Ferrovial SA backs out of $830 mn buyout bid for Transfield Services
22 Dec 2014
Spanish infrastructure giant Ferrovial SA has backed out from buying Transfield Services Ltd after the board of the Australian outsourcing and construction services company rejected its sweetened A$1.02 billion ($830 million) buyout offer.
Transfield today said that Ferrovial's revised A$2 per share offer still undervalued the company.
Ferrovial, which had in October tabled a non-binding offer of A$1.95 a share, said that it has now ended discussions with Transfield and would continue to look at growth options elsewhere.
Transfield shares fell as much as 18 per cent today, giving the company a market cap of A$799 million.
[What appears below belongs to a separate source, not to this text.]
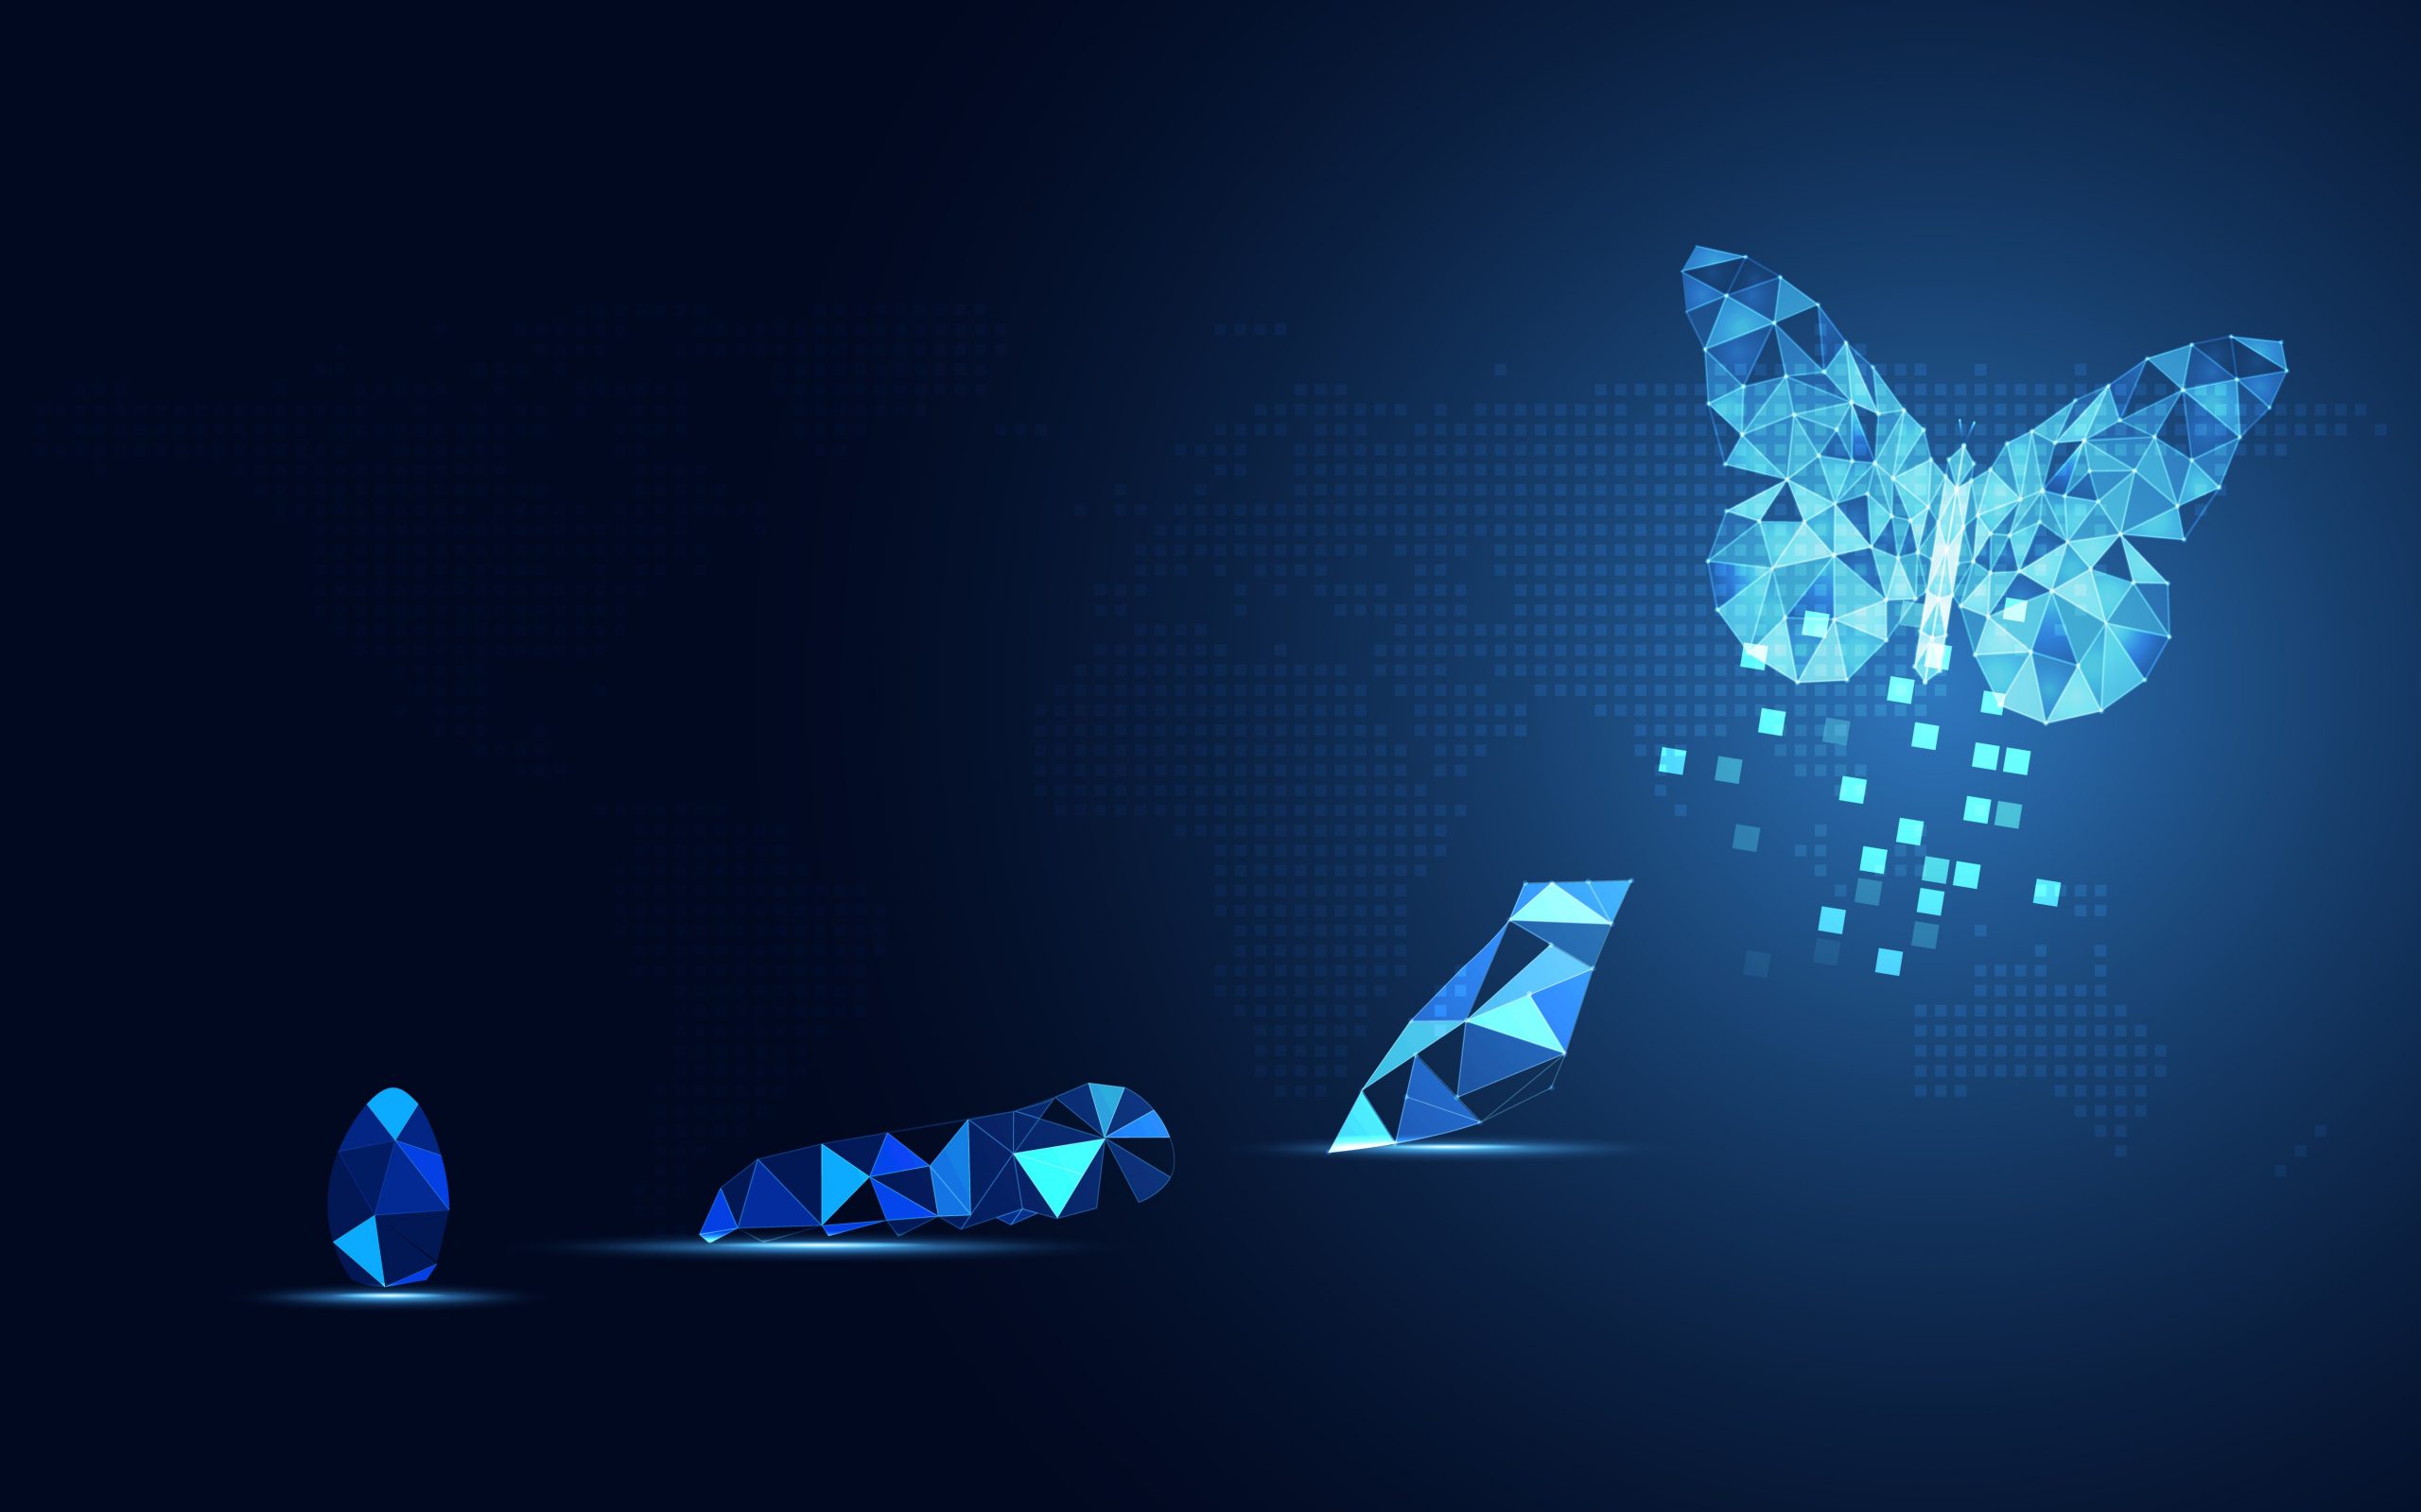 Schwarzer Hintergrund, rechts im bild ist ein digital gezeichneter Schmetterling in Blau das leuchtet er durchgeht eine art transformation

''Ferrovial Services has undertaken the limited due diligence available and concluded that there were a number of issues that impacted value,'' the Madrid-based company said in a statement.
Transfield provides operations and maintenance, asset management, project and capital management outsourcing and infrastructure development services to diverse industries, including defence, transport, utilities, mining, and oil and gas industries.
The Sydney-based company, which built Sydney's Harbour Tunnel and operates the harbour's ferry network, operates in Australia, New Zealand, Canada, the US, Chile, Brunei, New Caledonia, and the Philippines.
Early this year it bagged a A$1.2 billion government contract to service Australia's offshore asylum seeker detention facilities on Manus Island, Papua New Guinea, and Nauru.